WHAT TO WORK ON: In the listing, locate the line containing "Akumulátorová úhlová bruska", then quote it and all following lines exactly. Omit pictures.

SUPPLIED MATERIAL:
═══
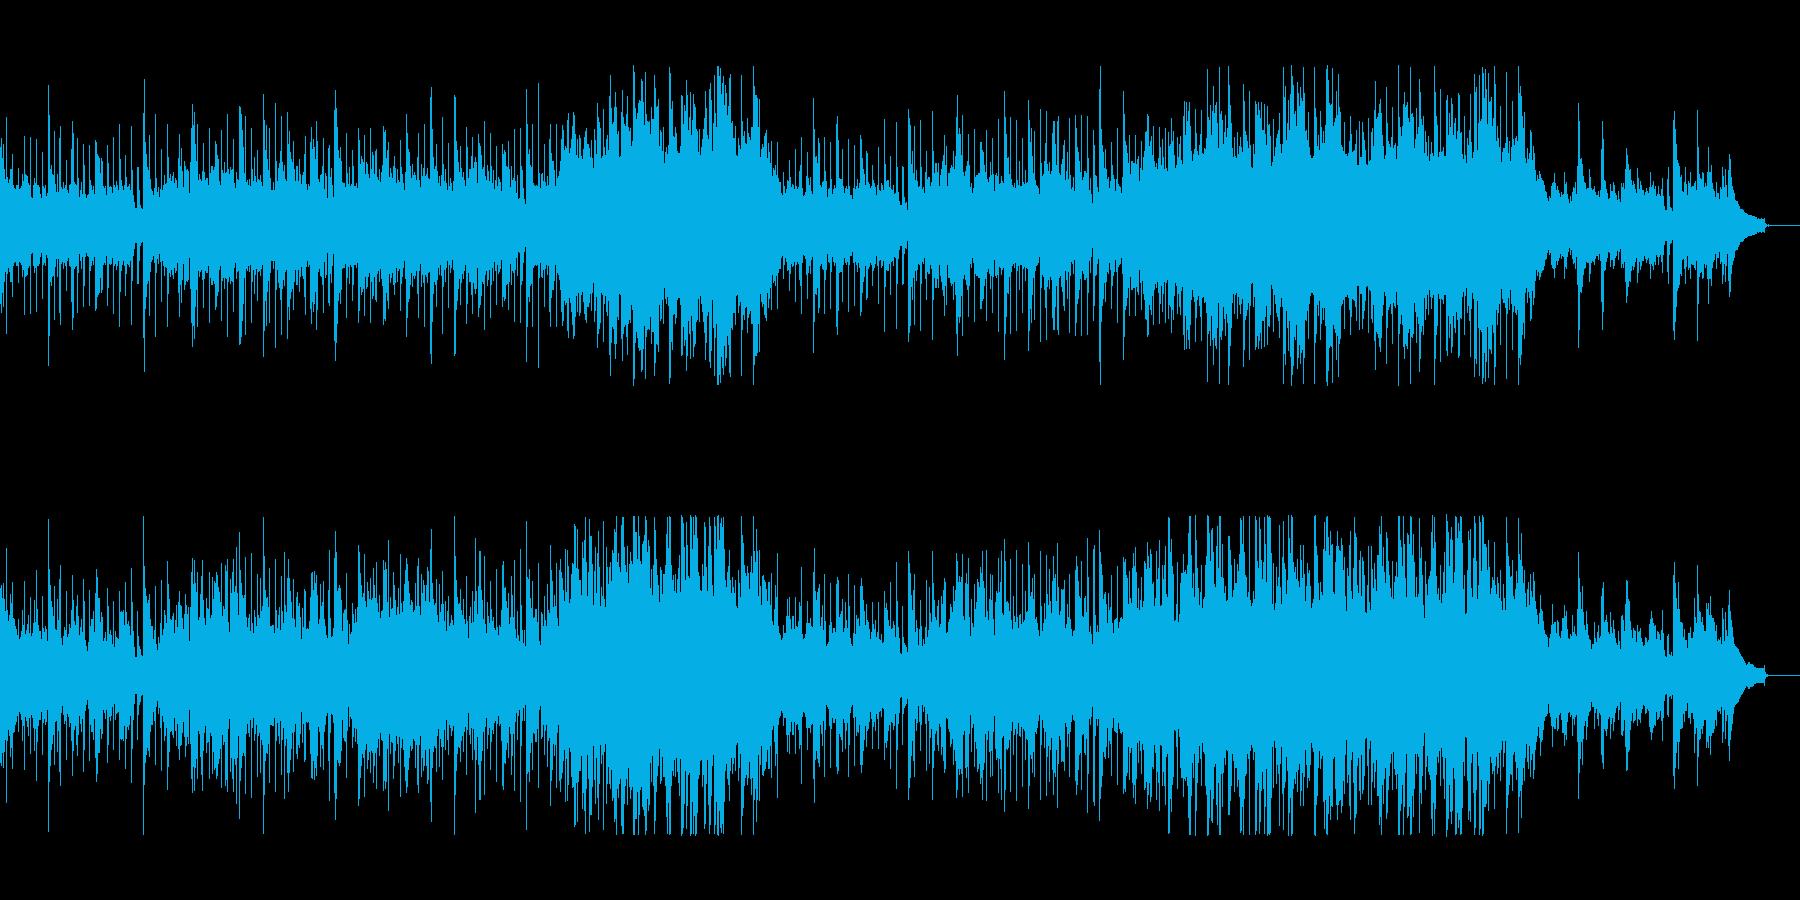 優しい風の再生済みの波形
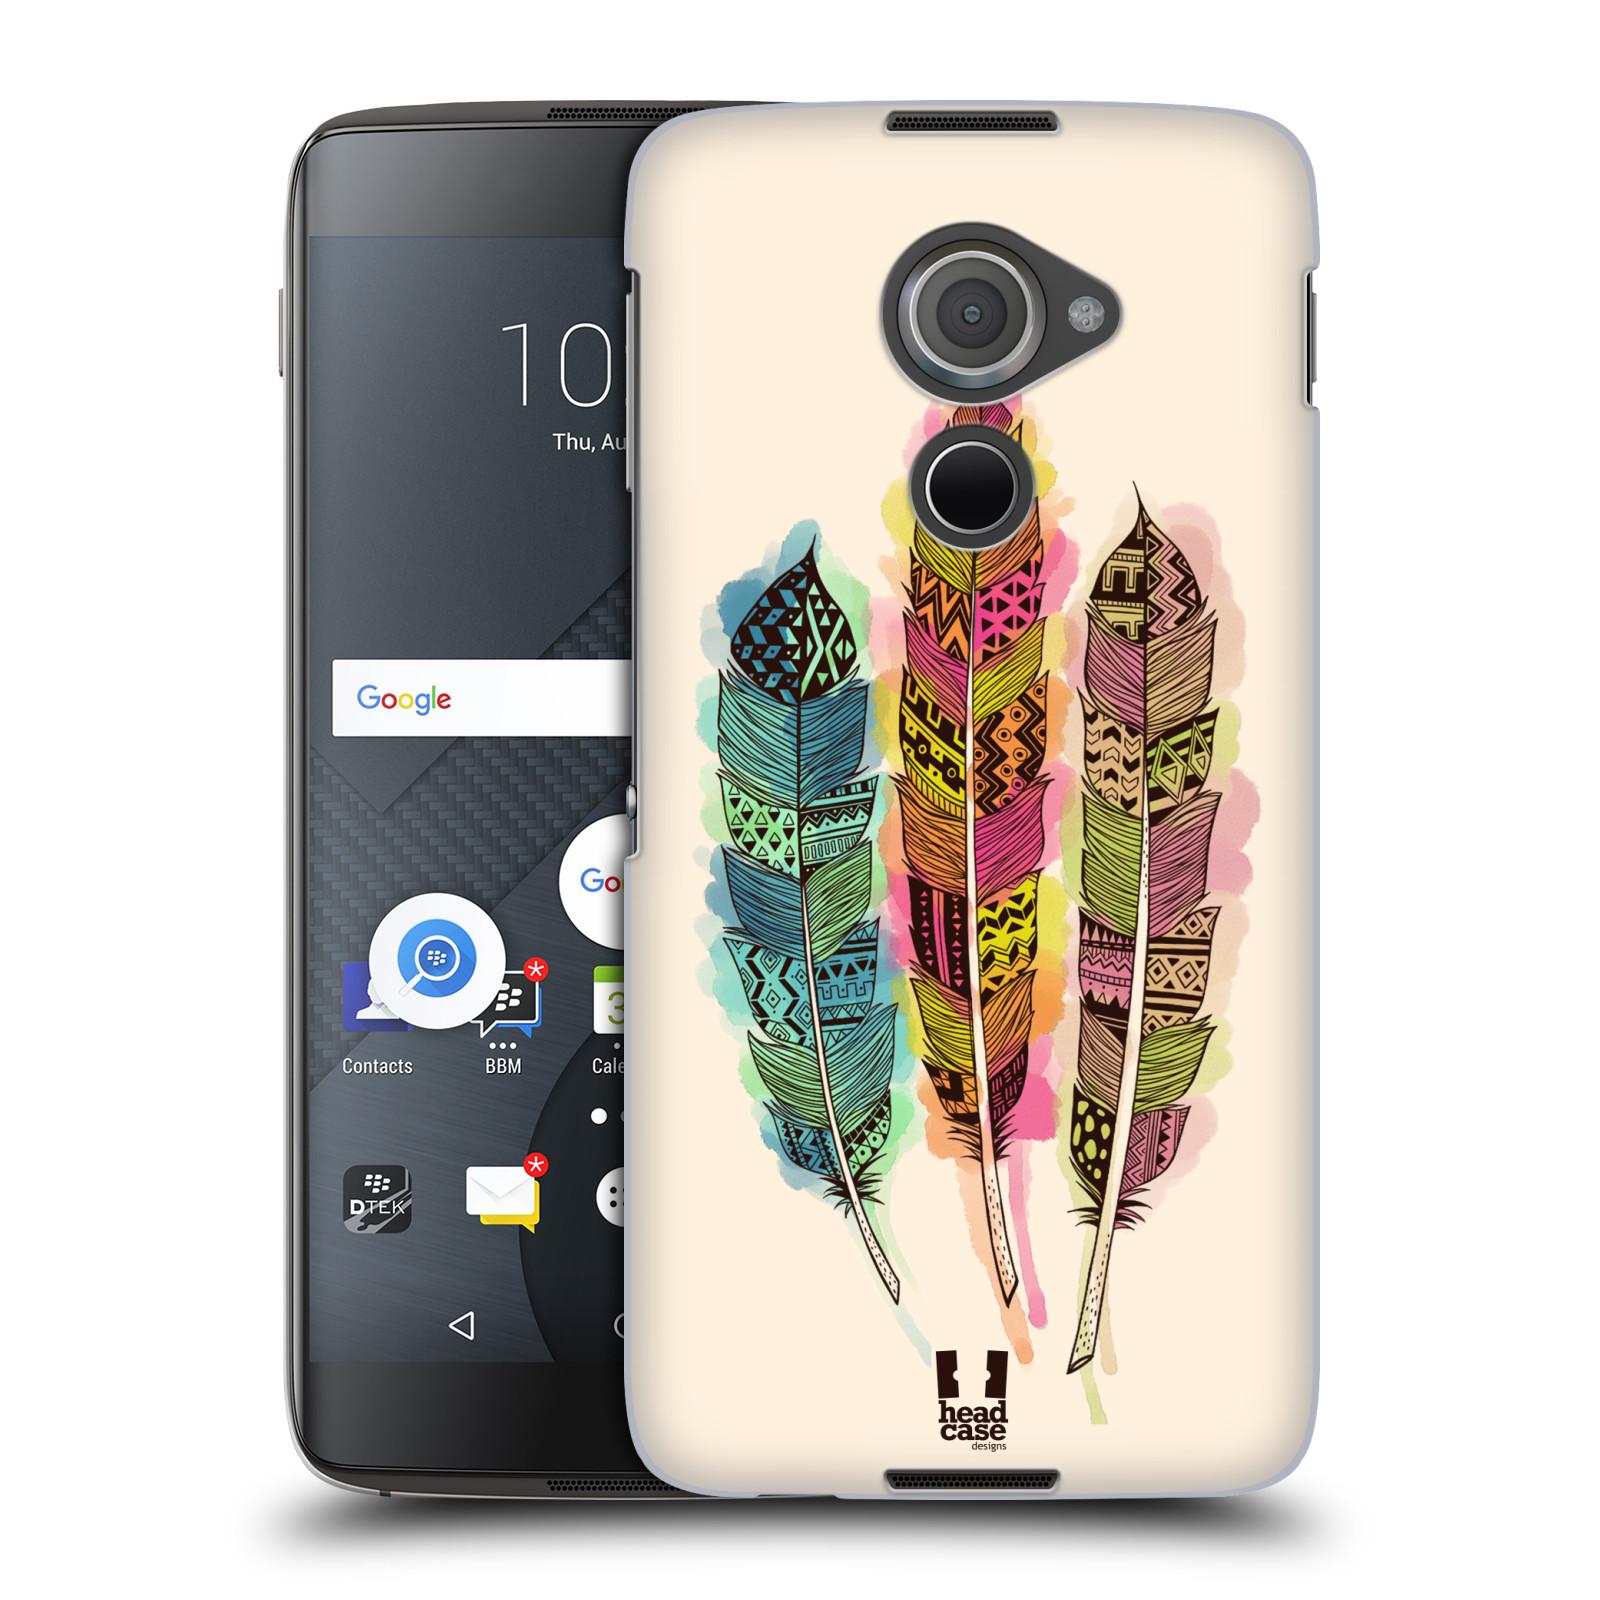 Plastové pouzdro na mobil Blackberry DTEK60 (Argon) - Head Case AZTEC PÍRKA SPLASH
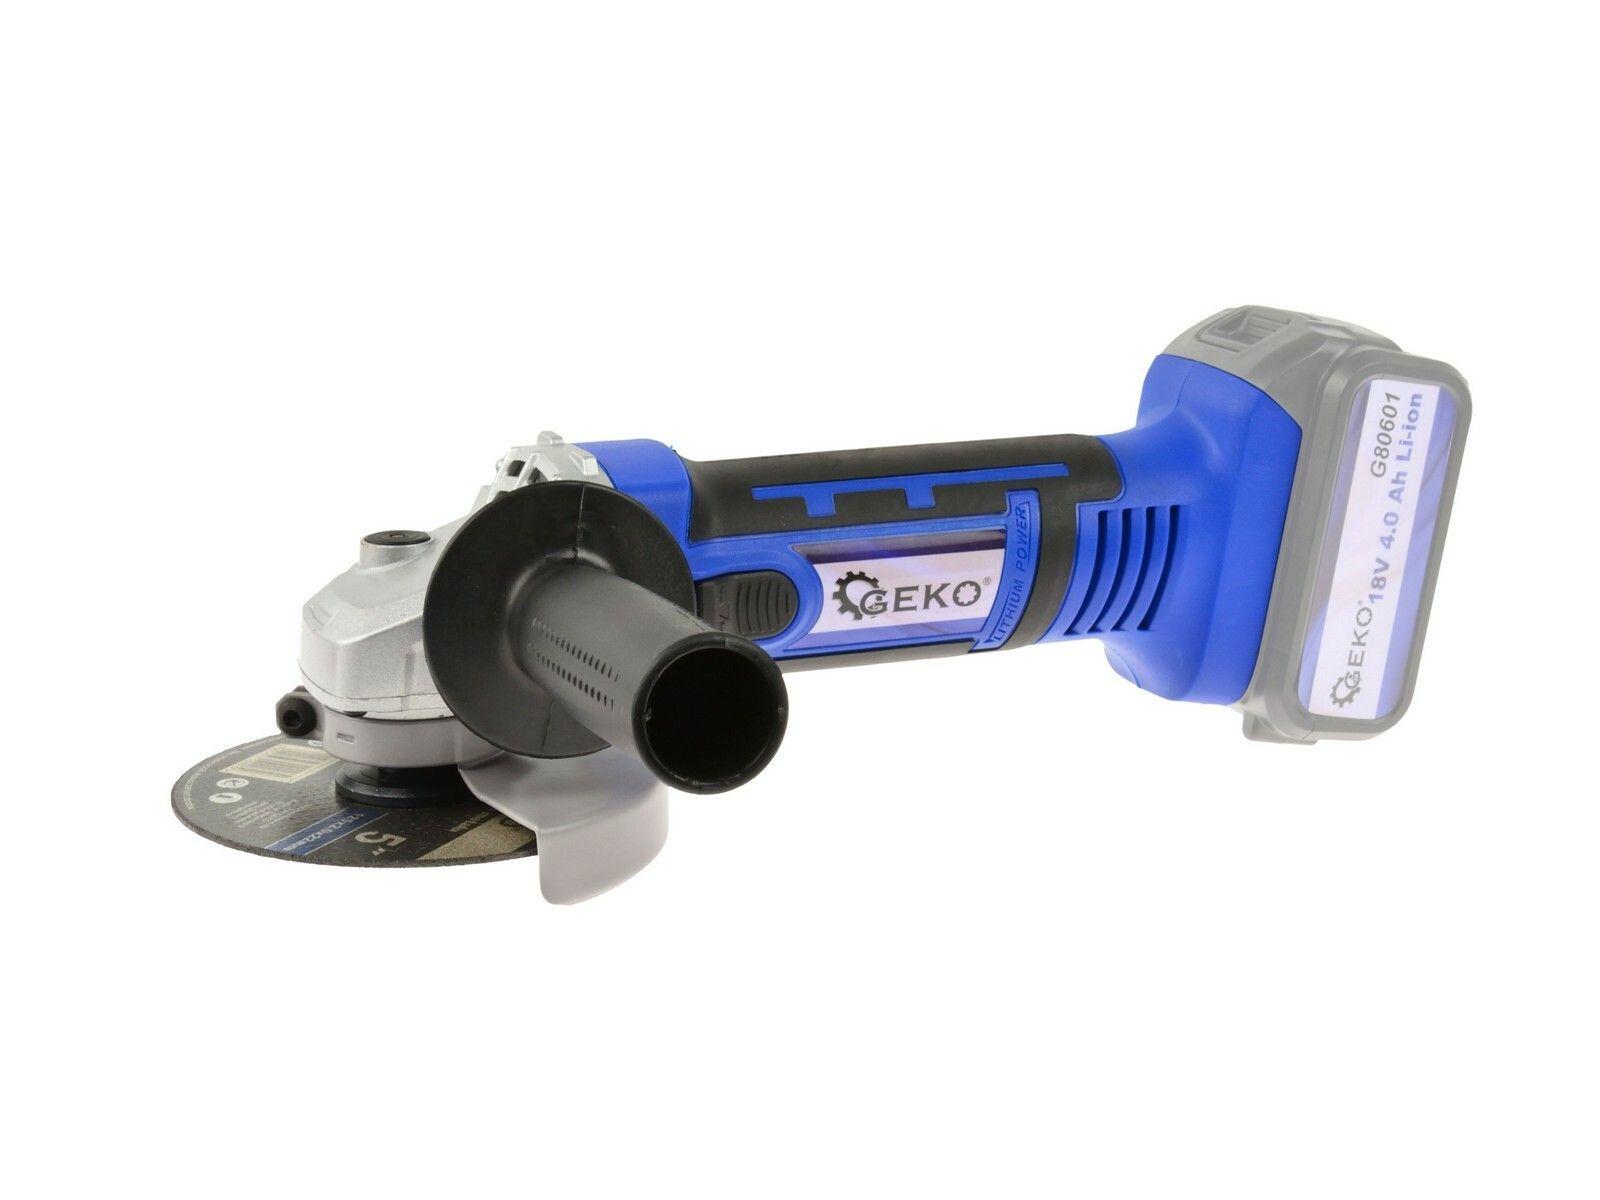 Akumulátorová úhlová bruska 115mm 18V One Power - bez baterie a nabíječky GEKO
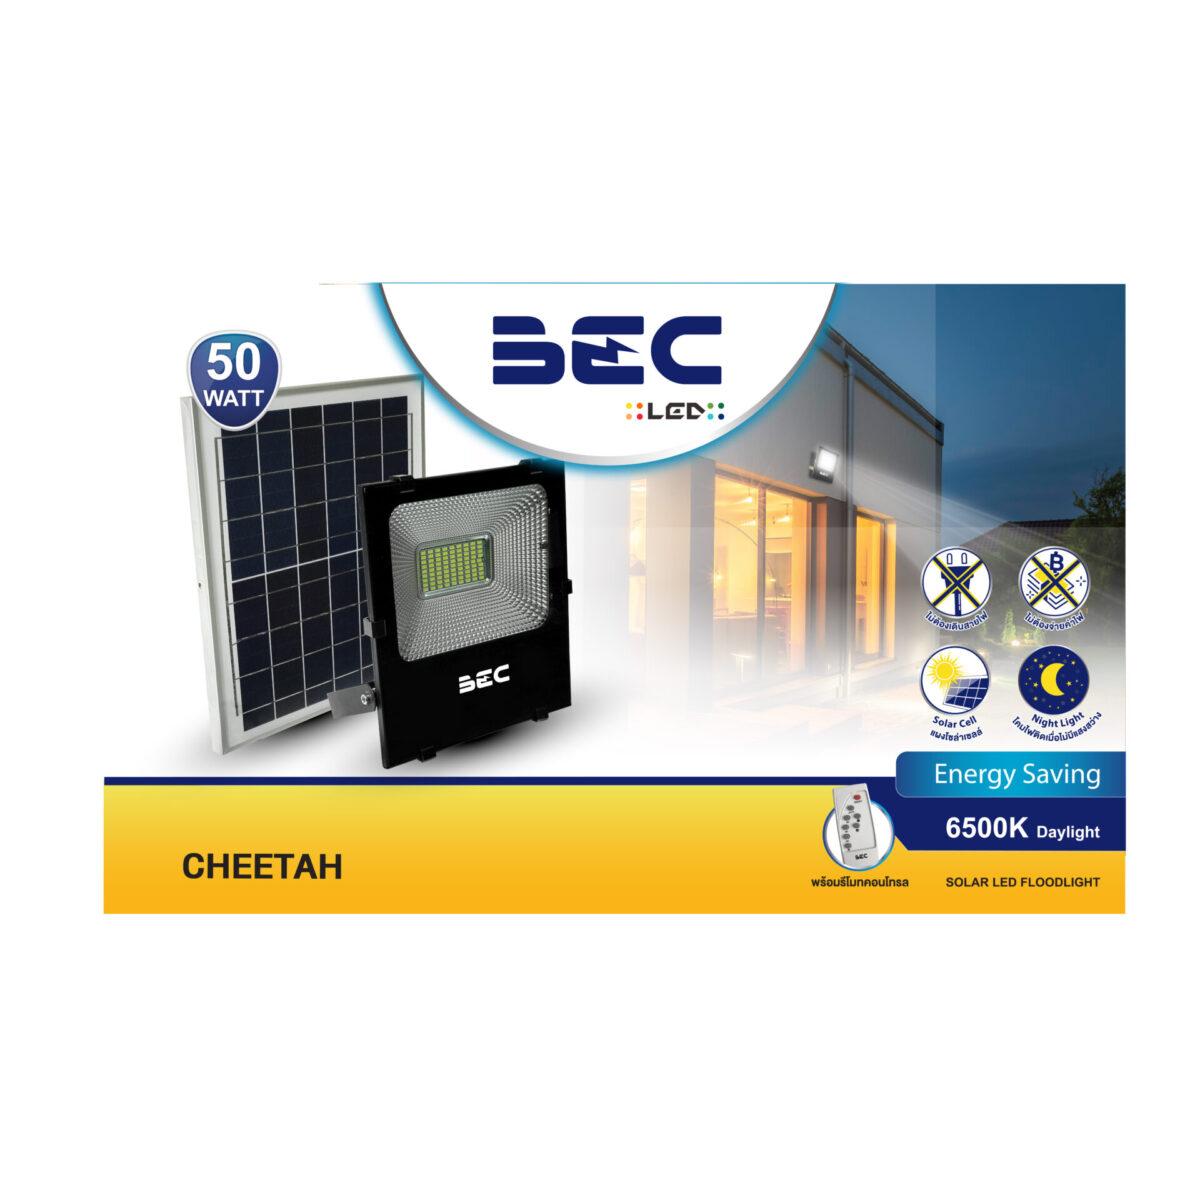 โคมไฟฟลัดไลท์ โซลาร์เซลล์ LED รุ่น Cheetah
═══
RESULT OF THIS EXERCISE:
 Akumulátorová úhlová bruska 115mm 18V One Power - bez baterie a nabíječky GEKO
 โคมไฟฟลัดไลท์ โซลาร์เซลล์ LED รุ่น Cheetah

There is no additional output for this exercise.